On Fri, 4 Nov 2022 08:49:55 +0100 Mauro Carvalho Chehab mauro.chehab@linux.intel.com wrote:
On Thu, 3 Nov 2022 15:43:26 -0700 Daniel Latypov dlatypov@google.com wrote:
On Thu, Nov 3, 2022 at 8:23 AM Mauro Carvalho Chehab mauro.chehab@linux.intel.com wrote:
Hi,
I'm facing a couple of issues when testing KUnit with the i915 driver.
The DRM subsystem and the i915 driver has, for a long time, his own way to do unit tests, which seems to be added before KUnit.
I'm now checking if it is worth start using KUnit at i915. So, I wrote a RFC with some patches adding support for the tests we have to be reported using Kernel TAP and KUnit.
There are basically 3 groups of tests there:
- mock tests - check i915 hardware-independent logic;
- live tests - run some hardware-specific tests;
- perf tests - check perf support - also hardware-dependent.
As they depend on i915 driver, they run only on x86, with PCI stack enabled, but the mock tests run nicely via qemu.
The live and perf tests require a real hardware. As we run them together with our CI, which, among other things, test module unload/reload and test loading i915 driver with different modprobe parameters, the KUnit tests should be able to run as a module.
While testing KUnit, I noticed a couple of issues:
- kunit.py parser is currently broken when used with modules
the parser expects "TAP version xx" output, but this won't happen when loading the kunit test driver.
Are there any plans or patches fixing this issue?
Partially. Note: we need a header to look for so we can strip prefixes (like timestamps).

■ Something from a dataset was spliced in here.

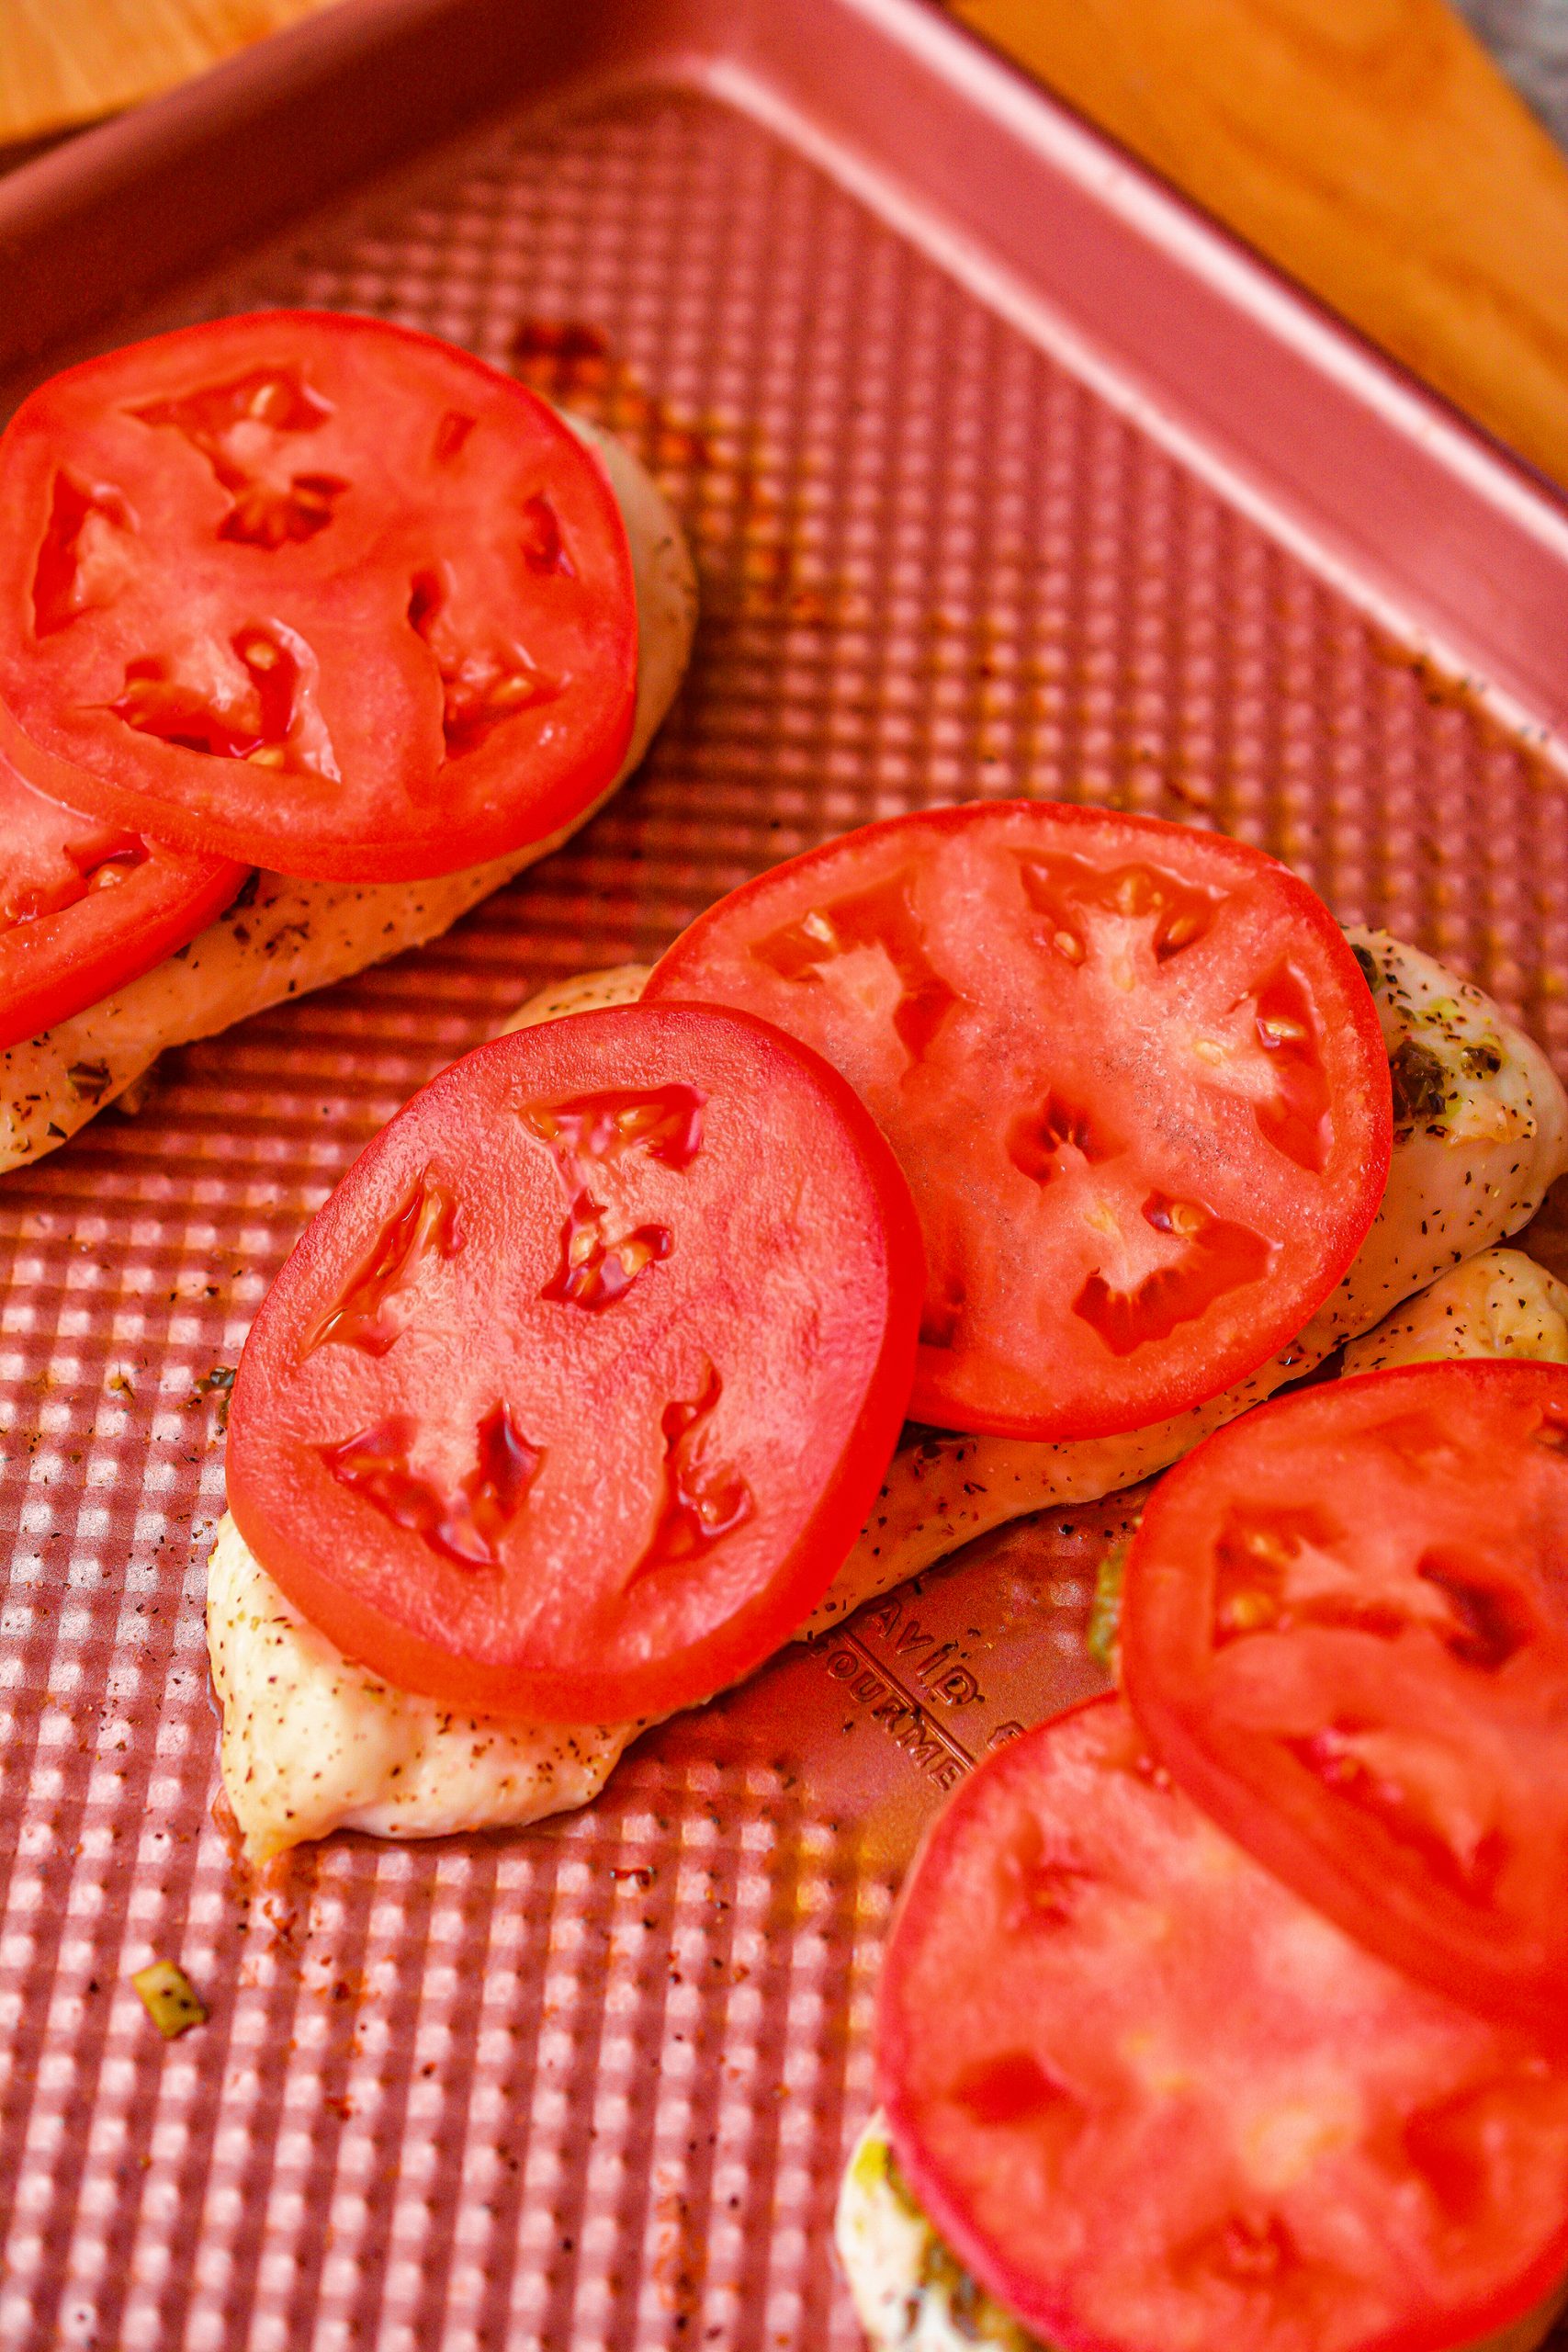 Top the chicken pieces with slices of tomato.

But there is a patch in the works to add a TAP header for each subtest, hopefully in time for 6.2.
Good to know.
This is to match the KTAP spec: https://kernel.org/doc/html/latest/dev-tools/ktap.html
I see.
That should fix it so you can parse one suite's results at a time. I'm pretty sure it won't fix the case where there's multiple suites and/or you're trying to parse all test results at once via
$ find /sys/kernel/debug/kunit/ -type f | xargs cat | ./tools/testing/kunit/kunit.py parse
Could you point me to the changeset? perhaps I can write a followup patch addressing this case.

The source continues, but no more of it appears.